Лиса смотрит на меня большими глазами, по ее розовым щекам текут слезы. Я сглатываю, сдерживая собственное горе и пытаясь быть сильным.
– Да. Она не могла уйти, не попрощавшись со своими любимыми.
Лиса касается большим пальцем моего мизинца, кладет голову мне на плечо и сотрясается всем телом от рыданий. Я обвиваю ее другой рукой, притягивая к себе как можно крепче, а затем поворачиваю голову и целую ее в волосы.
– Я рада, что ты здесь, – бормочет она, рукавом вытирая слезы.
– Никогда не думал, что услышу от тебя это.
Я наслаждаюсь вырвавшимся из нее тихим, хриплым смехом и прикосновением наших пальцев.

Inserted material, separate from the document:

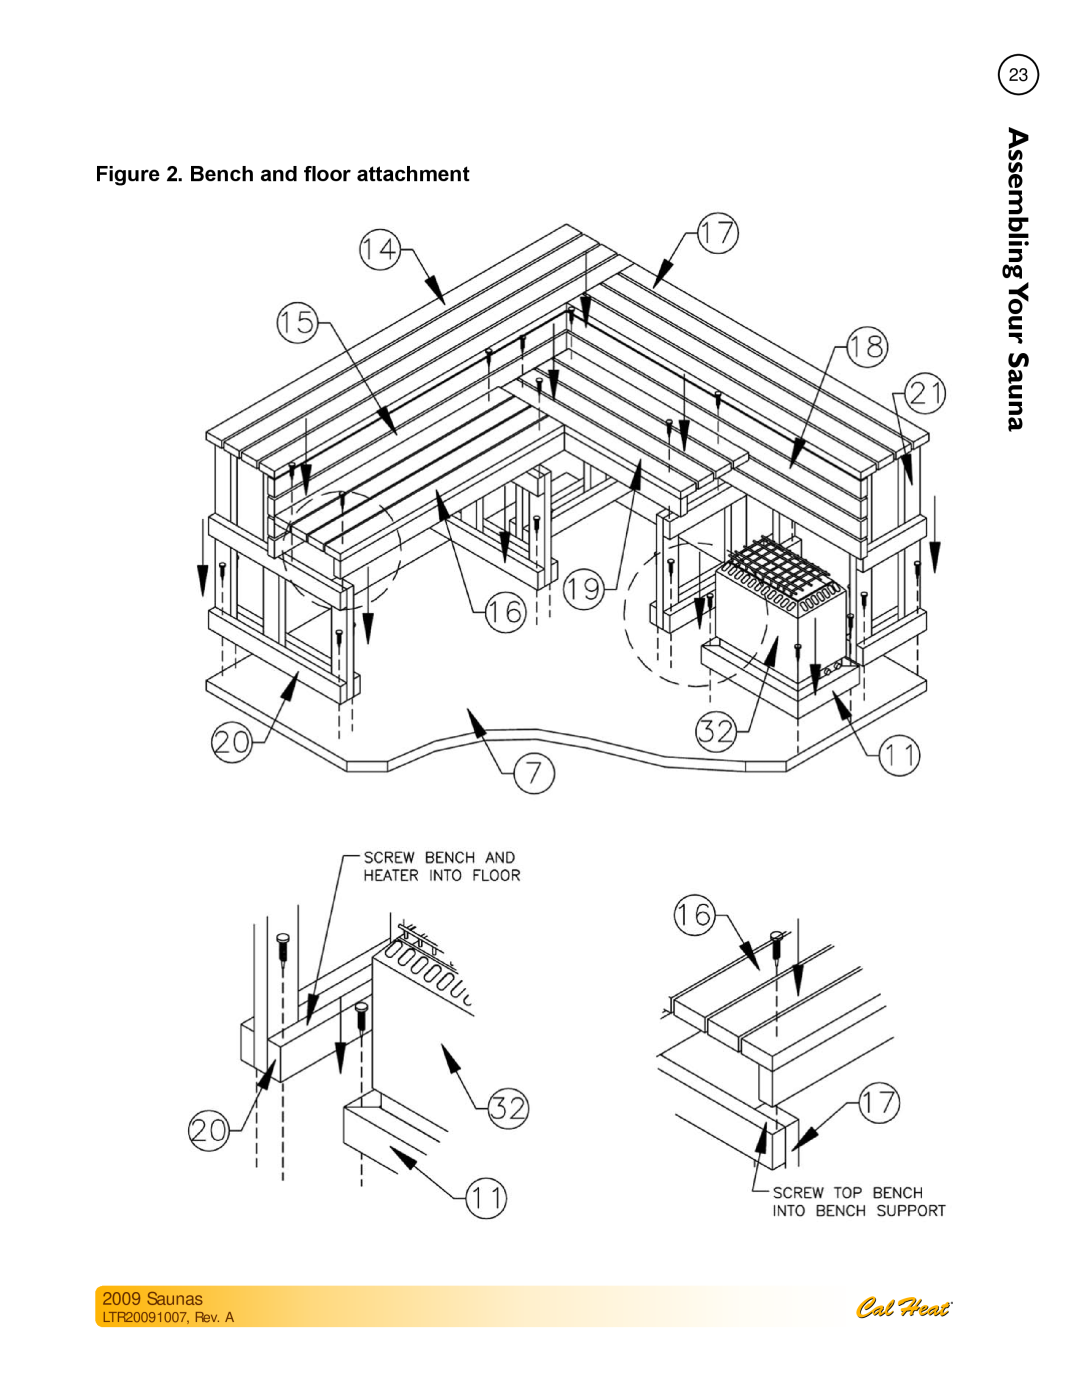 Cal Spas Saunas manual Bench and floor attachment, LTR20091007, Rev. A, AssemblingYour

Через несколько минут я нажимаю кнопку, и ветеринар заходит внутрь со своей тележкой. Это тележка смерти. Доктор объясняет, что должно произойти, что это будет мирно и безболезненно, что лекарство остановит сердце Вьюги, и она тихо уйдет.
Я не могу ничего поделать, но чувствую, что это идеальный способ.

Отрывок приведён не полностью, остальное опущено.